I love some of the tanks in UKAPS but I have seen today my first giant Amano tank in Lisbon

Jordi


----------



## EvitaL (30 Dec 2015)

I think mine has to be Mr. Teapots Green Pekoe Pond from Ukaps  I read his journal about three times from start to finish.

Lähetetty minun GT-I9305 laitteesta Tapatalkilla


----------



## parotet (30 Dec 2015)

EvitaL said:


> I think mine has to be Mr. Teapots Green Pekoe Pond from Ukaps  I read his journal about three times from start to finish.
> 
> Lähetetty minun GT-I9305 laitteesta Tapatalkilla


Yup... Great one!

Jordi


----------



## tim (30 Dec 2015)

My favourite of the year http://www.ukaps.org/forum/threads/stus-120x45x45-tank-sponsored-by-tropica.36083/
Great to see stu worrall back in the top 100.


----------



## Konrad Michalski (30 Dec 2015)

My vote for Mr. Takayuki Fukada 2015's IAPLC winner


----------



## Derek113 (30 Dec 2015)

parotet said:


> Mine is this one:
> 
> View attachment 79648
> 
> ...



At first glance it looks photo shopped. I know its not but the guy in the photo gives a bad illusion.


----------



## flygja (31 Dec 2015)

I don't think I can choose... please don't make me choose!!


----------



## parotet (31 Dec 2015)

Derek113 said:


> At first glance it looks photo shopped. I know its not but the guy in the photo gives a bad illusion.

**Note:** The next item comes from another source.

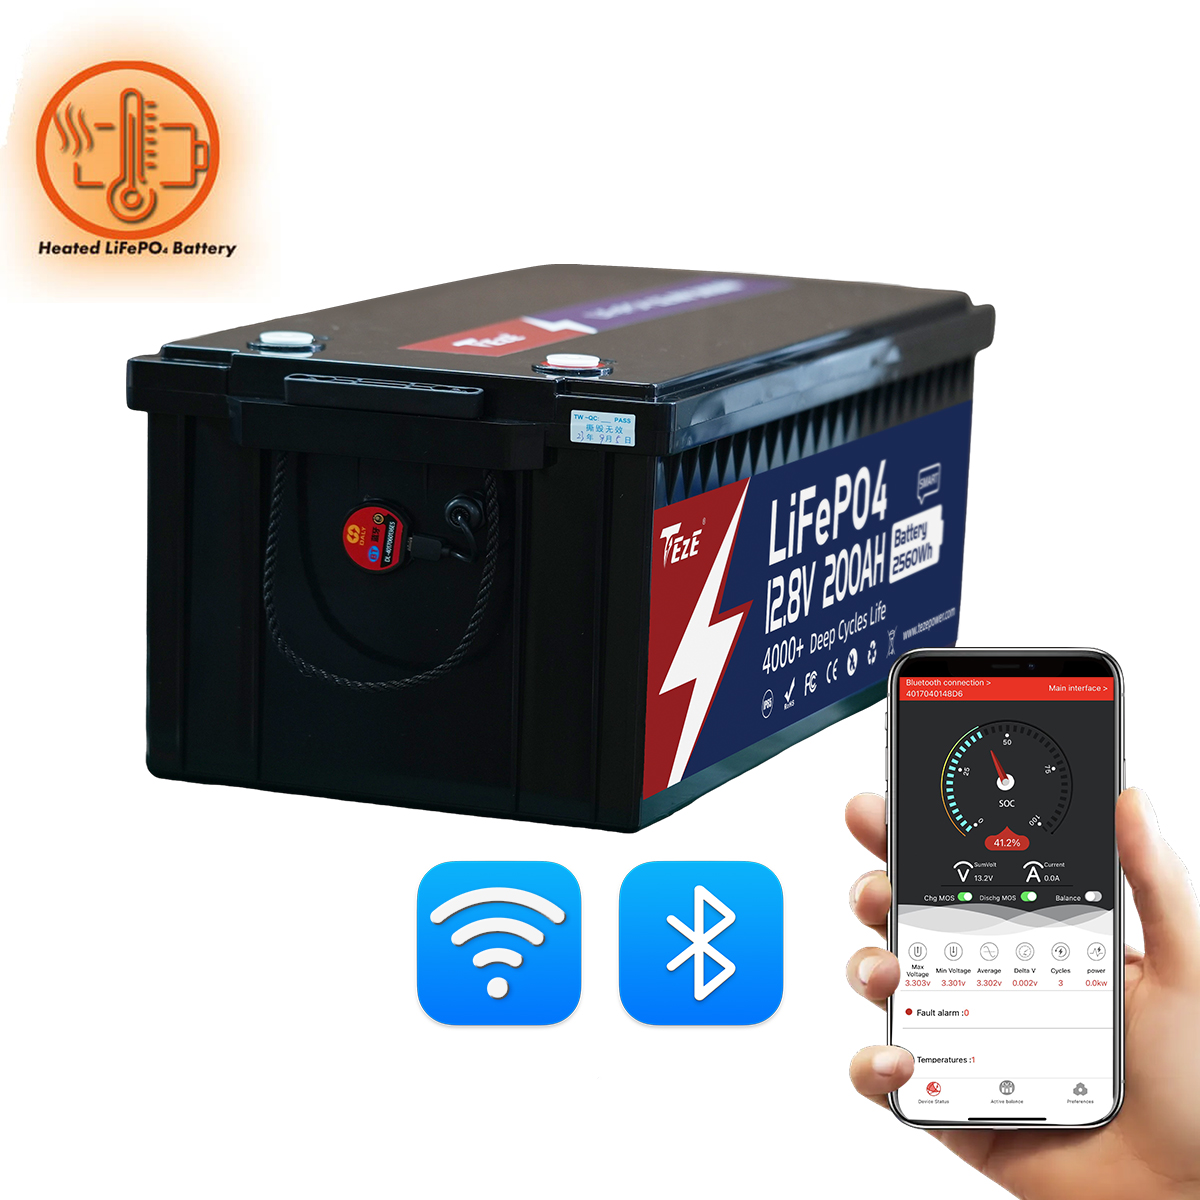 New Add WiFi-TezePower 12V 200Ah LiFePO4 Battery with WIFI and Bluetooth, Self-heating and Active Balancer, Built-in 200A Daly BMS(WIFI External Version)
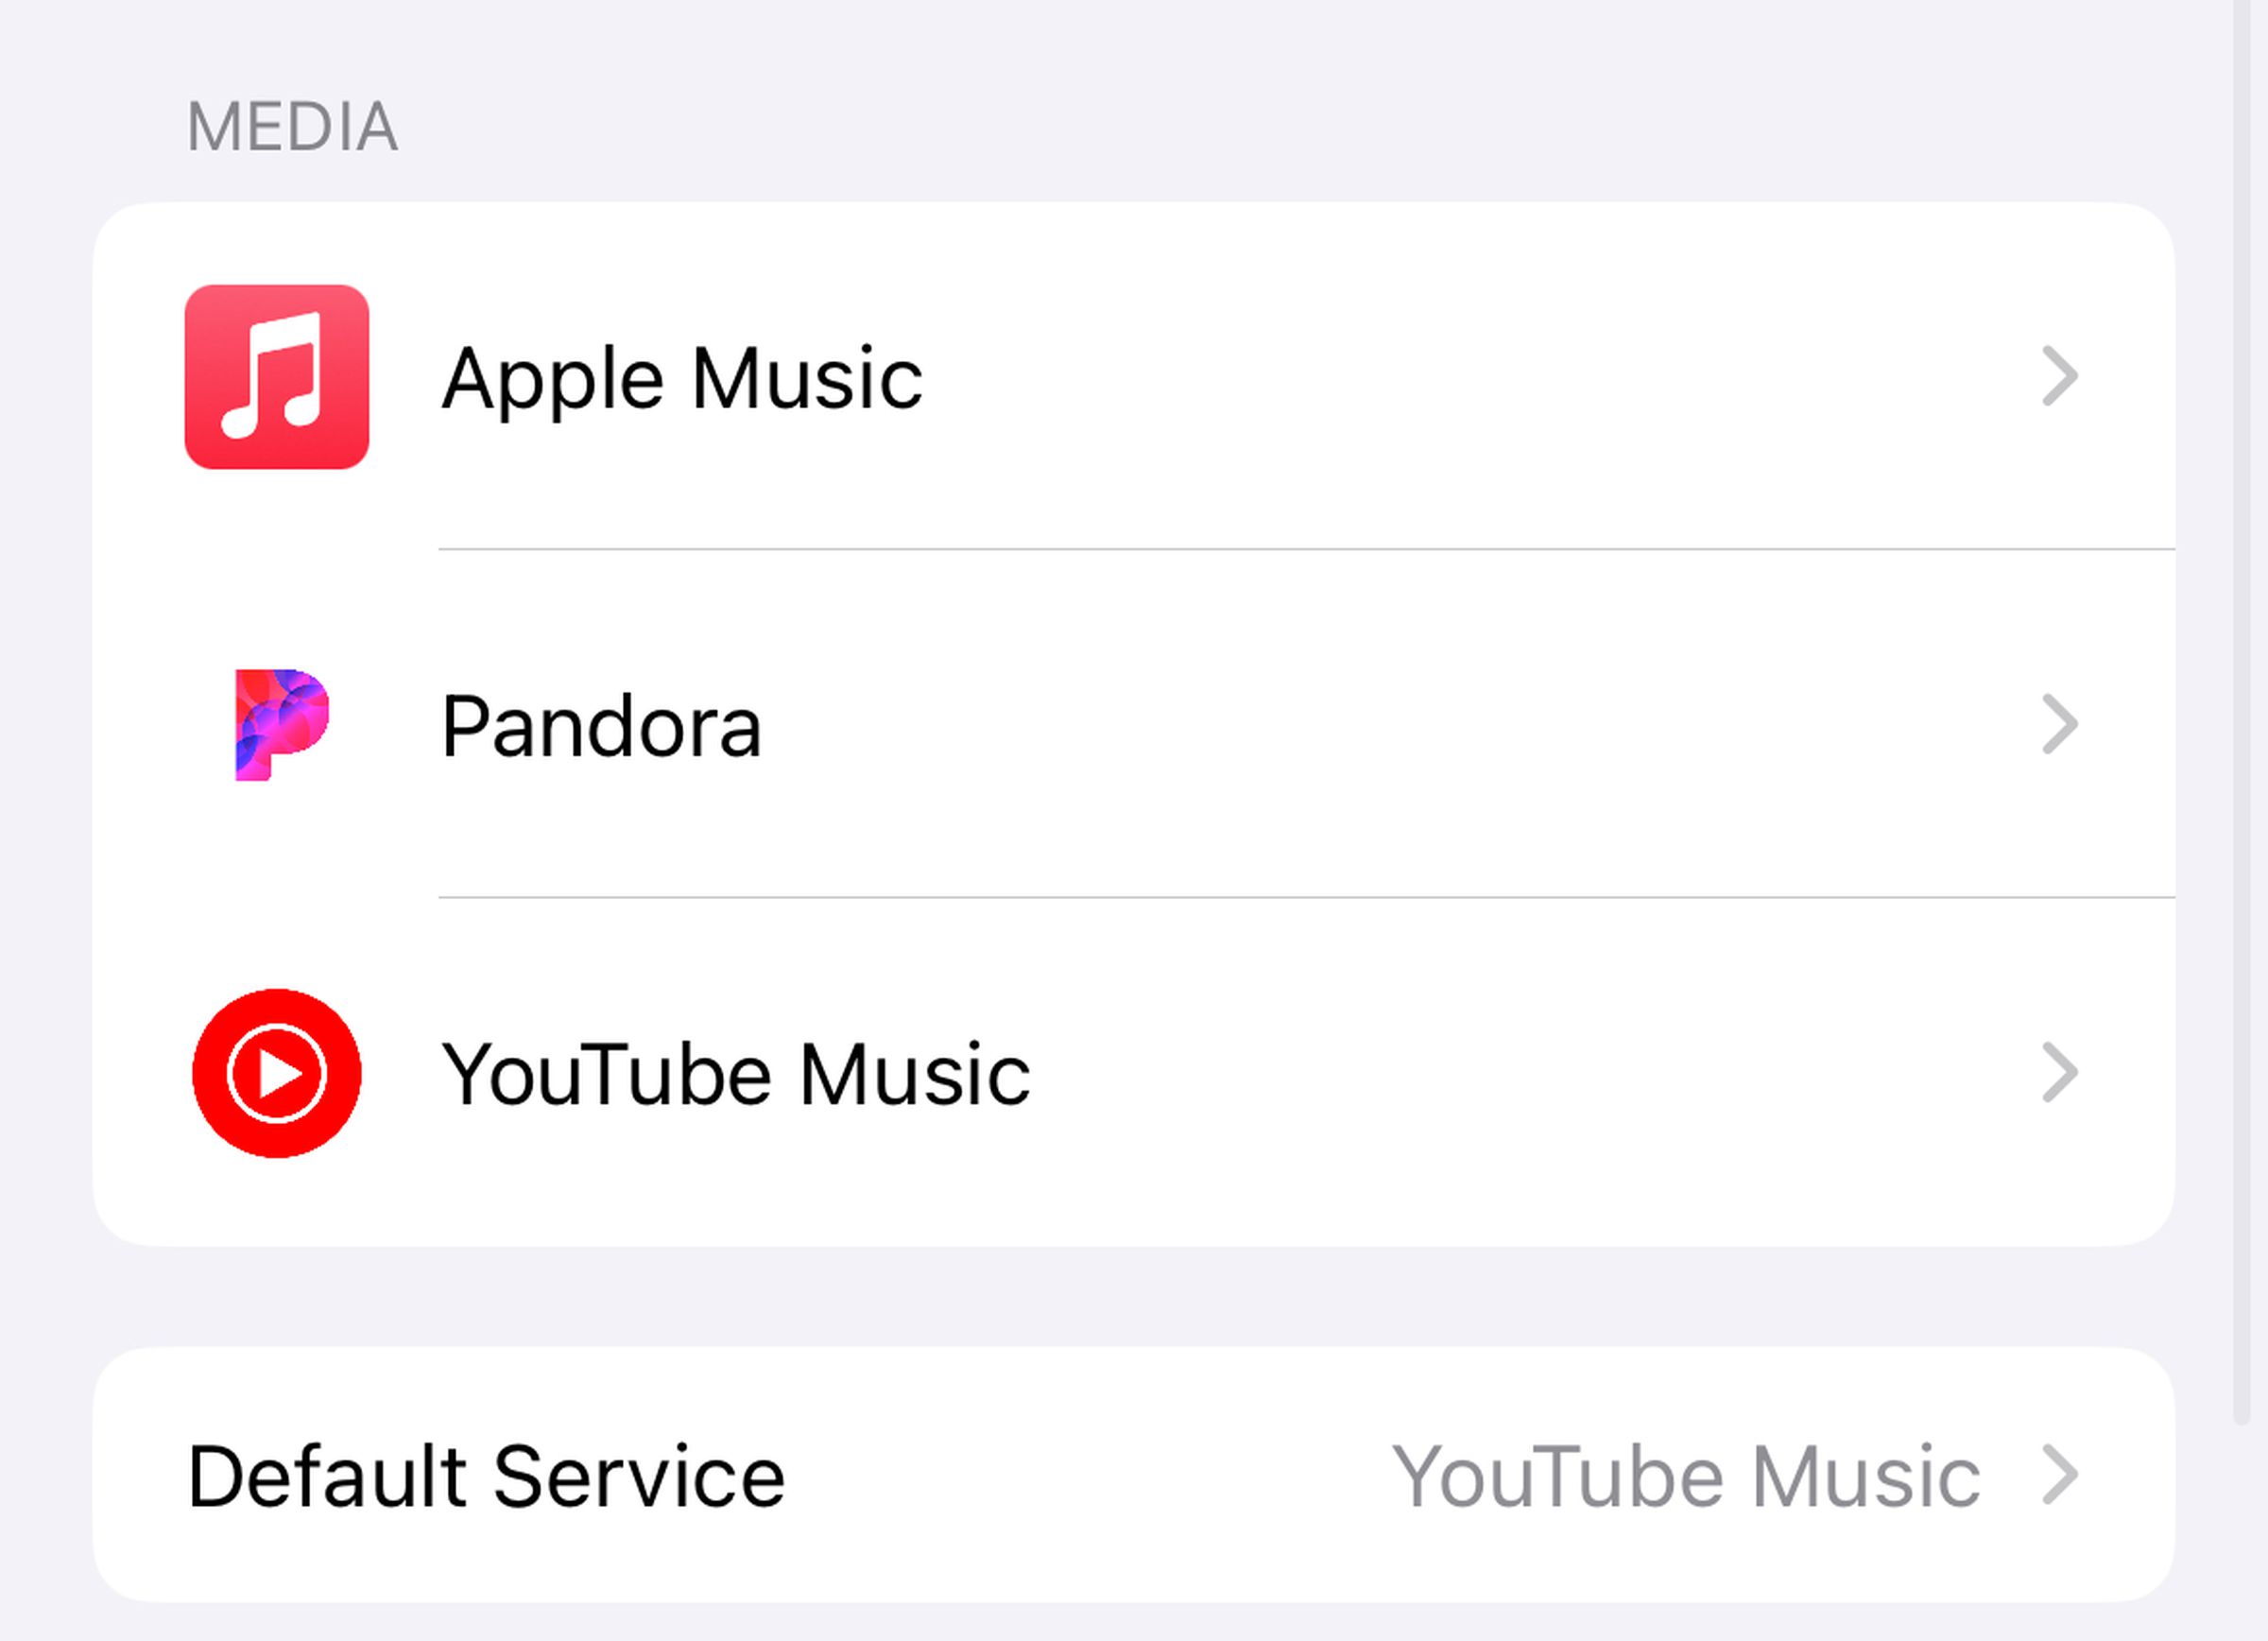 A screenshot showing the available HomePod media services in the Apple Home app. It lists Apple Music, Pandora, and YouTube Music, and shows YouTube Music as the Default Service.

Yup, the room is completely dark... Good trick to make you see a brighter aquarium (which is actually low light planted tank) and sharp colors. The very white La Plata sand also helps in this illusion. No photoshop, just raw shots from my phone. I would say that the automatic shot adjustment did a good job and it really looks this way

Jordi


----------



## zozo (31 Dec 2015)

I can't deside, to many favorites for me..


----------



## LondonDragon (3 Jan 2016)

parotet said:


> Mine is this one:


It sure was my highlight of 2015! Has to be seen to take it all in! Lost myself there for hours!


----------



## Derek113 (3 Jan 2016)

This ones my favorite.


----------